Присев молча рядом, Карабуш принялся украдкой разглядывать своего зятя. Из-под толстого слоя пыли, из-под маслянистых пятен выглядывало изможденное, ссохшееся, как у мумии, лицо. Глаза глубоко запали в глазницах, волосы, слипшись, выпадали пучками, так и не расклеиваясь, отчего и лысина на голове зятя выглядела странной, похожей на заплату. Дыхание его было коротким, слабым, казалось, что он и вовсе не дышит. И Карабушу пришла нелепая мысль: что, если его зять, лежа так на травке, умрет? Он содрогнулся, уже не мог видеть, как зять лежит и не дышит. Отвернулся, стал смотреть в другую сторону.

Они долго молчали, потом с севера, со стороны Бельц, показался паровоз. Сначала он подкрадывался тихо и незаметно, потом вдруг обрушился на тихие поля тяжелым грохотом металла. Оглушил, ослепил все на своем пути и тут же исчез. Онаке, хоть и приметил паровоз заранее и видел, как он подкрадывается, тем не менее вздрогнул от неожиданности, но Мирча продолжал лежать неподвижно. Ни один мускул не дрогнул на его лице, и Карабуш подумал: как не по-человечески измотал себя его зять. И еще он подумал: как хорошо, что поезда ходят по заранее установленному пути, иначе сколько бы народу они передавили!

Время было уже далеко после полудня. Жара начала наконец спадать, далеко на западе забелели тучи, подул слабый ветерок, и поля свежо, по-осеннему задышали. Мирча лежал на спине, и казалось, что вместе с раскинувшимися вокруг полями остывает и он. Дыхание как-то начало выравниваться, входило в свой ритм. Карабушу одно время показалось даже, что зять уснул. Стараясь не потревожить его сон, он сидел тихо и от этой вынужденной неподвижности задумался о чем-то сложном, давно пережитом. Вспоминалось почему-то все, что было в его жизни трудного, неприятного. И как-то незаметно для самого себя он горько-прегорько вздохнул, вздохнул тем тяжелым, полным душевных мук стоном, каким чутуряне обычно балуют себя только в редкие минуты полного одиночества.

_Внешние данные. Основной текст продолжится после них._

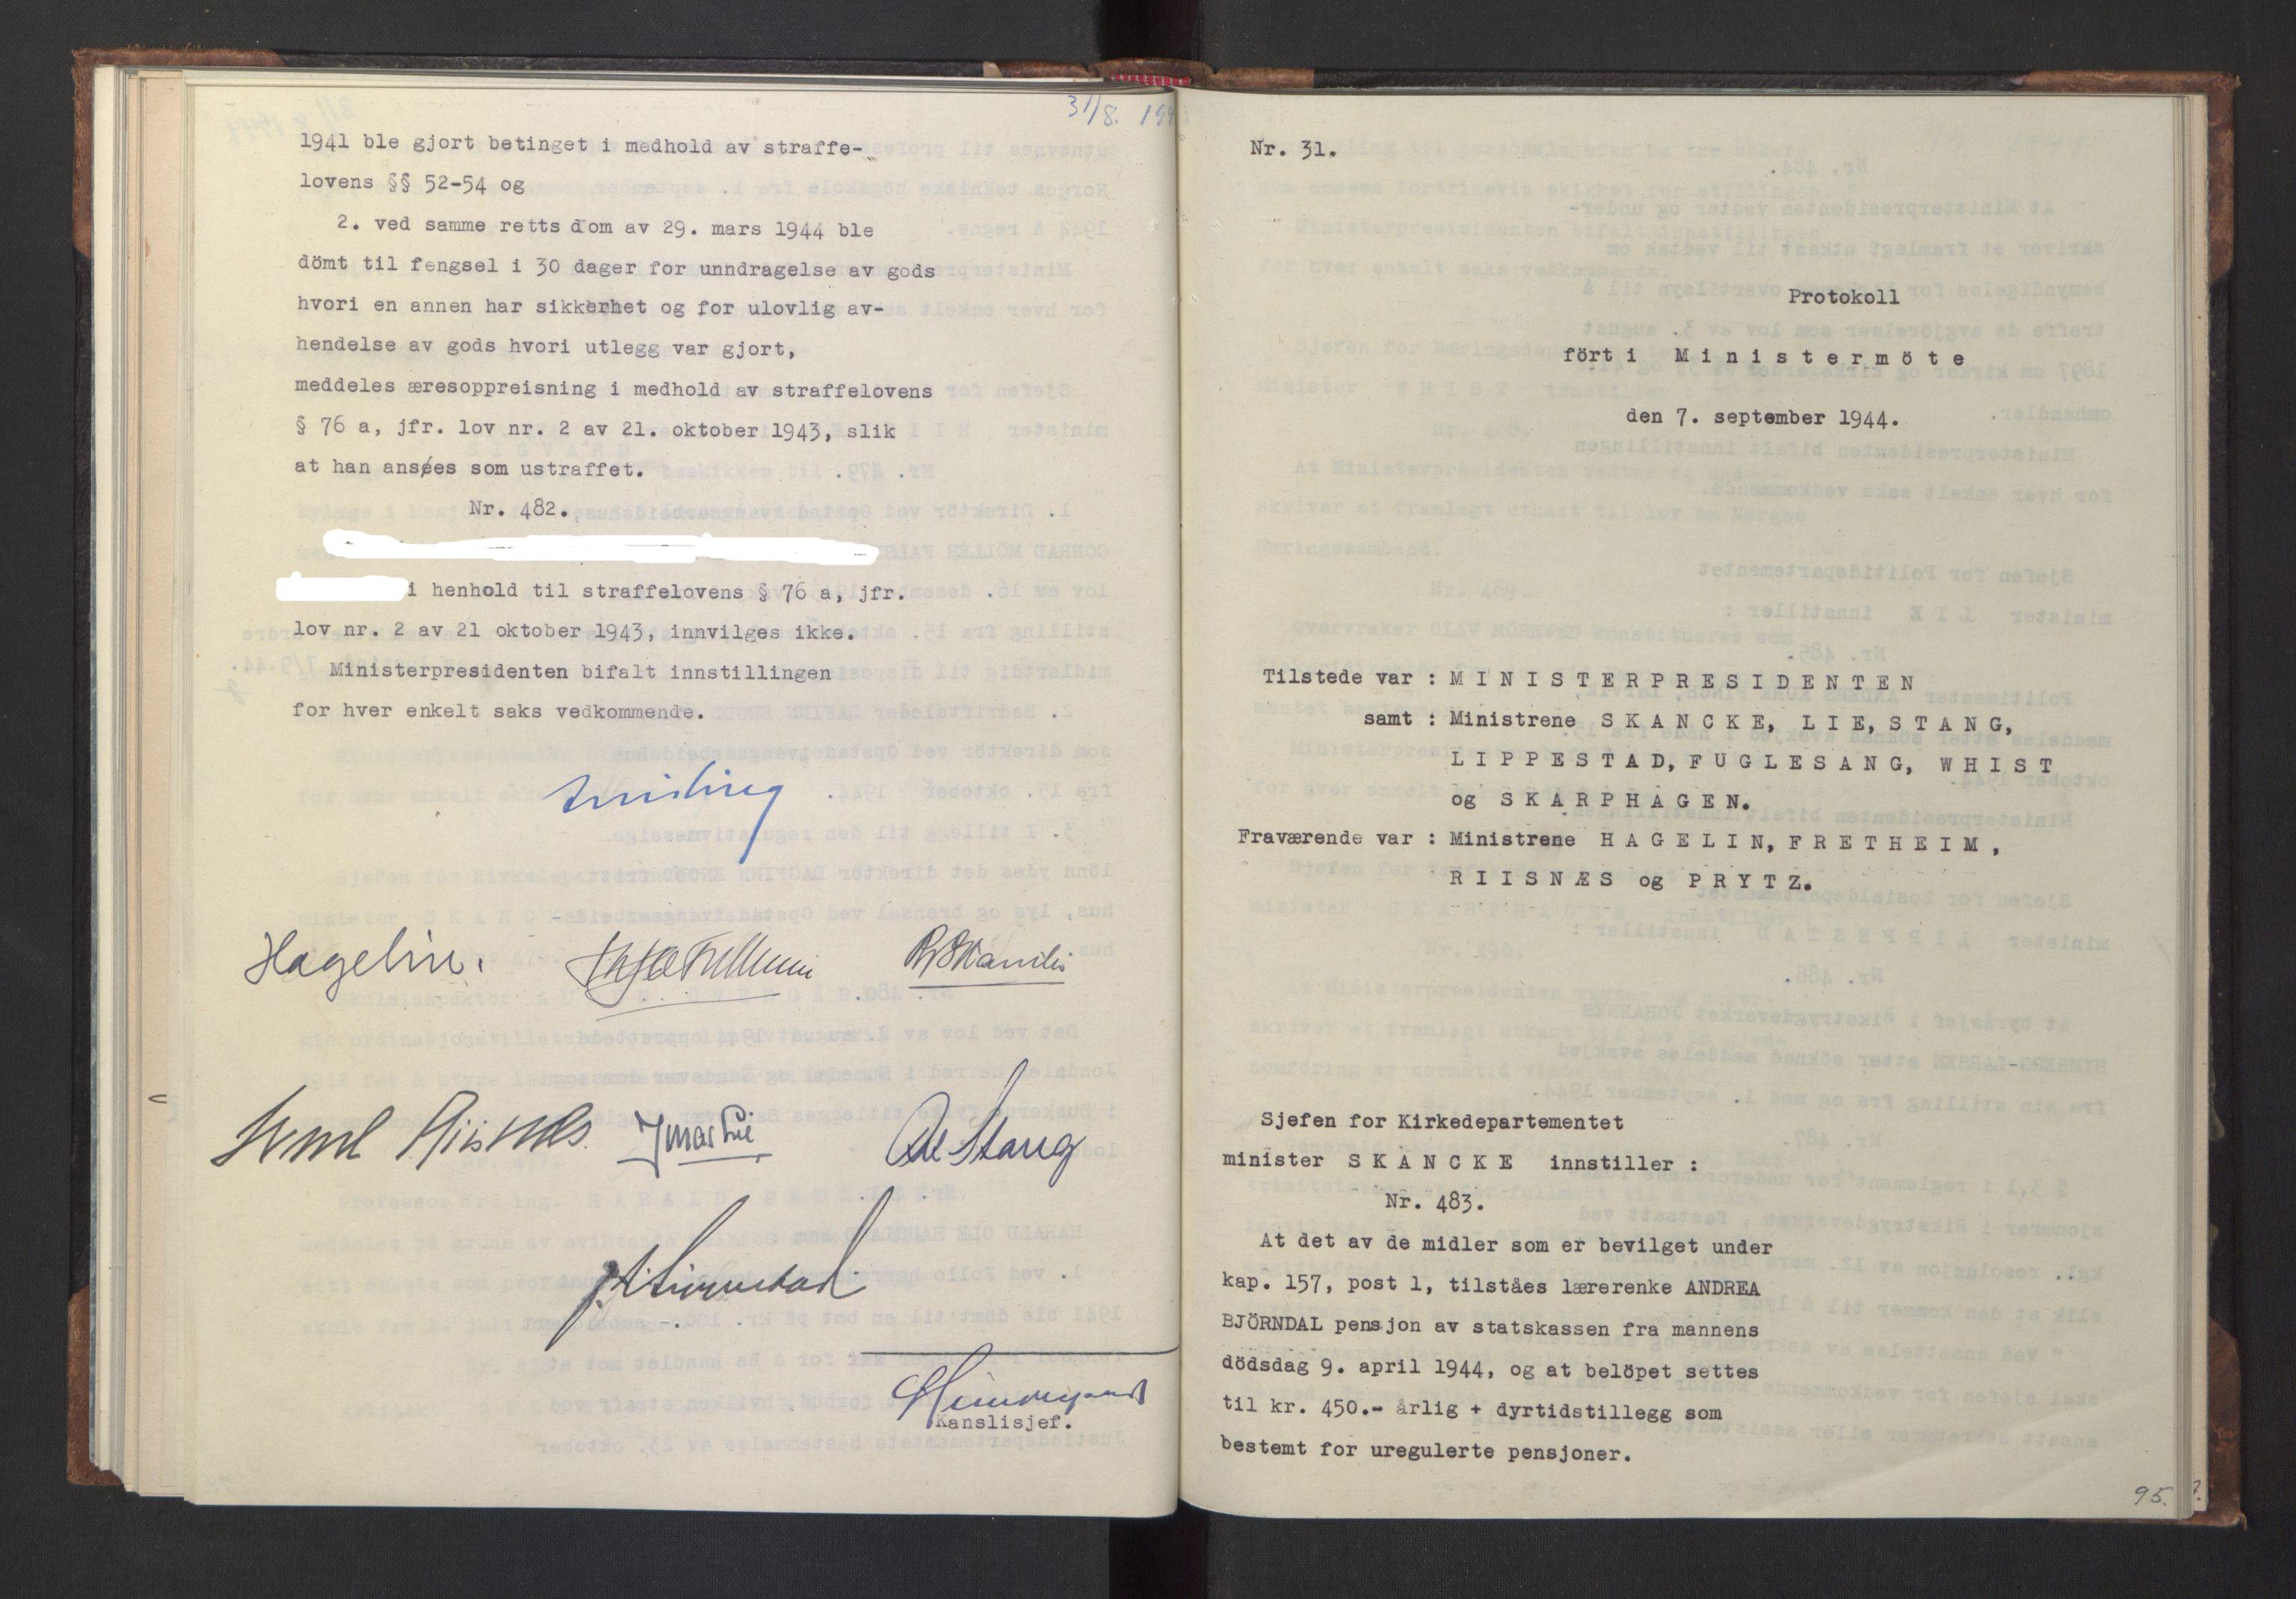 RA, NS-administrasjonen 1940-1945 (Statsrådsekretariatet, de kommisariske statsråder mm), D/Da/L0005: Protokoll fra ministermøter, 1944, s. 94b-95a

— Чего это вы так убиваетесь, отец?

Карабуш вздрогнул от неожиданности. Он не нашелся что ответить, а может, нарочно не ответил, потому что какой там разговор может завязаться между бодрствующим и дремлющим? Но, с другой стороны, он обрадовался, что зять не спит. Эти воспоминания разбередили всю его душу, многие забытые раны снова начали кровоточить, и ему очень нужен был рядом хороший, близкий человек.

— Понимаешь, странное дело! Каждый раз, когда попадаю сюда, в Хыртопы, становится мне горько, прямо хоть волком вой!

— Гектаров своих, что ли, жалко?

Карабуш быстро, удивленно повернулся к Мирче, точно не ожидал от него такого вопроса. Это мог спросить председатель колхоза, начальник какой из района, но чтобы родной зять! Хотя человек, промаявшийся четыре года в поле, может спросить и не такое.

— Нет, я по гектарам никогда не сходил с ума. К тому же полученный мною от отца гектар был возле леса; эти два гектара я получил при наделах. Одна власть дала их, другой власти я их вернул. Бог с ними.

— Отчего же вам тогда горько?

— Бог его знает. Я думаю, все из-за того горького пырея, хоть он, сволочь, и сладковат на вкус. Даже говорили, в какой-то стране из него водку гонят.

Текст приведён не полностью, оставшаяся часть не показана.